No really, I am hosting two television shows for the World of Women's Sports, so hopefully our TV shows Curves and She Sport will keep doing well and I will step back from competing one day and just do TV. But for right now, I am very busy helping out Dean Lavelle, because he has opened a wakeboard school, "The Lavelle Train Station", and I am also coaching for him.



Have you suffered any major injuries while wakeboarding?


From wakeboarding of course I have had all kinds small stuff happen, like stitches and sprained body parts but I have only had two major injuries. In 1997 1 tore my meniscus in my knee and then later I broke my heel. 


Breaking your heel is one of the worse places on your body to damage because it gets very little blood to it; so therefore, it heels slowly. I was on crutches for about 7 months and I wasn't able to do any physical activity for one year. That almost killed me! I am extremely hyper and having to sit and watch everyone do all the activities I love was hard to handle.

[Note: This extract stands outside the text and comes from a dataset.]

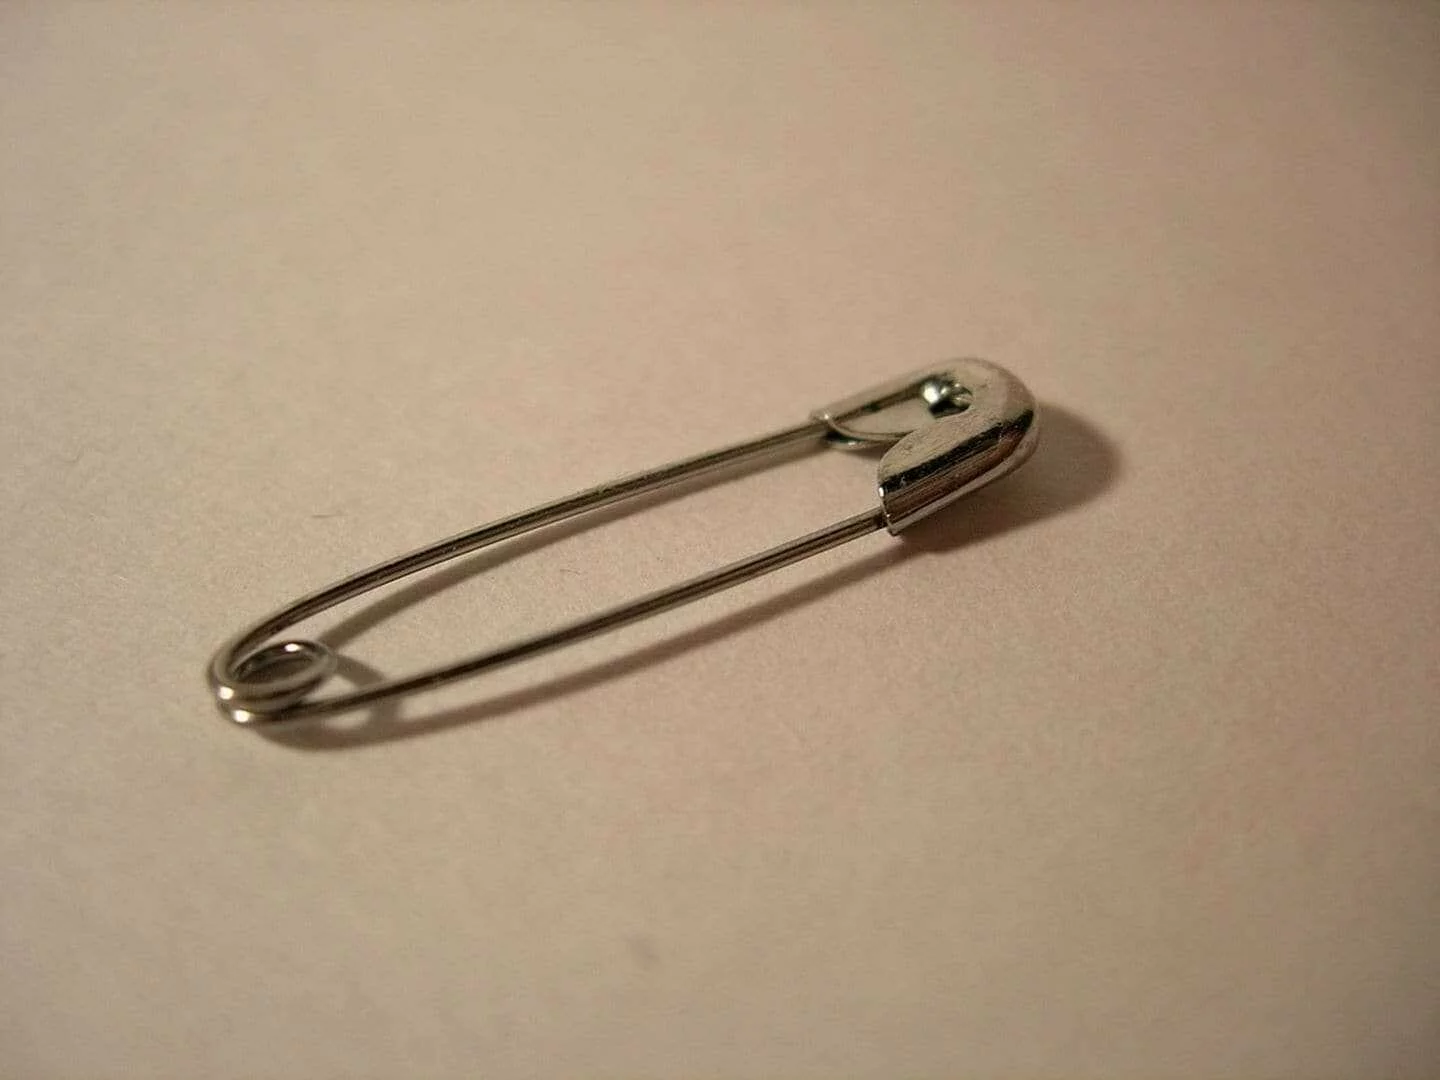 Go ahead, wear a safety pin. But don’t expect people of color to care.

I read that you switched from kneeboarding to wakeboarding several years ago.  Do you ever ride the kneeboard anymore?

Since I started wakeboarding, I have to say I haven't gone back and kneeboarded. It is not like I wouldn't want to but I am always pretty busy and the time I do have on the water I either wakeboard or surf behind the boat.



What advice would you give to someone wanting to learn how to get started in wakeboarding?

The advice I would give to someone just starting out on a wakeboard would be to get some help, especially if they haven't been doing watersports their whole life. I think it is very important to get a few lessons and learn how to do things right before you develop a bunch of bad habits. 


When I first started wakeboarding I didn't even know what foot I was forward, there is no shame in that. It simply means you need a little help from someone who is experienced.



Anything else you'd like to add?

I just want to say I have been so fortunate. Wakeboarding has opened so many doors for me, I have met so many wonderful people and made great friends. I have also had the opportunity to travel all over the world doing clinics teaching people how to do our sport. Being on the road can be really tough, especially when you're a Mom and Daddy's girl, but I am very thankful for everything I have been exposed to through this sport.


Sonja is sponsored by CWB, Blink, Flojos, Legend, Neil Pryde, Nevin, Performance Ski and Surf.